Chen W, Luo L, Zhang L - Nucleic Acids Res. (2010)

Bottom Line: Using the computational model of Increment of Diversity with Quadratic Discriminant (IDQD) trained from the microarray data, the nucleosome occupancy score (NOScore) was defined and applied to splice junction regions of constitutive, cassette exon, alternative 3' and 5' splicing events in the human genome.We found an interesting relation between NOScore and RNA splicing: exon regions have higher NOScores compared with their flanking intron sequences in both constitutive and alternative splicing events, indicating the stronger nucleosome occupation potential of exon regions.In addition, NOScore valleys present at approximately 25 bp upstream of the acceptor site in all splicing events.

View Article: PubMed Central - PubMed

Affiliation: Laboratory of Theoretical Biophysics, School of Physical Science and Technology, Inner Mongolia University, Hohhot 010021, China.

ABSTRACT
The occupancy of nucleosomes along chromosome is a key factor for gene regulation.
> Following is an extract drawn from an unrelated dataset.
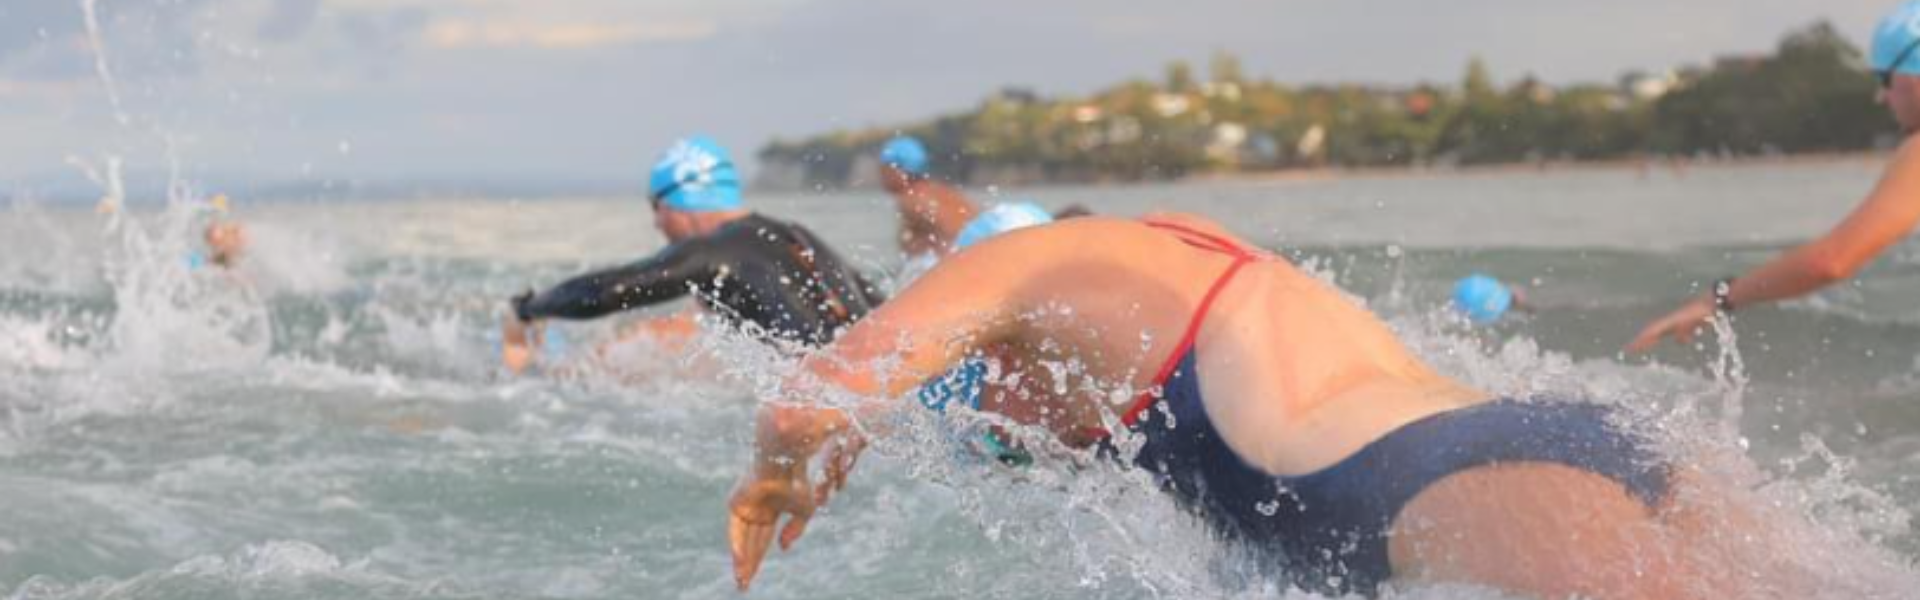 How can equipment help your open water swimming?

However, except promoter regions, genome-wide properties and functions of nucleosome organization remain unclear in mammalian genomes. Using the computational model of Increment of Diversity with Quadratic Discriminant (IDQD) trained from the microarray data, the nucleosome occupancy score (NOScore) was defined and applied to splice junction regions of constitutive, cassette exon, alternative 3' and 5' splicing events in the human genome. We found an interesting relation between NOScore and RNA splicing: exon regions have higher NOScores compared with their flanking intron sequences in both constitutive and alternative splicing events, indicating the stronger nucleosome occupation potential of exon regions. In addition, NOScore valleys present at approximately 25 bp upstream of the acceptor site in all splicing events. By defining folding diversity-to-energy ratio to describe RNA structural flexibility, we demonstrated that primary RNA transcripts from nucleosome occupancy regions are relatively rigid and those from nucleosome depleted regions are relatively flexible. The negative correlation between nucleosome occupation/depletion of DNA sequence and structural flexibility/rigidity of its primary transcript around splice junctions may provide clues to the deeper understanding of the unexpected role for nucleosome organization in the regulation of RNA splicing.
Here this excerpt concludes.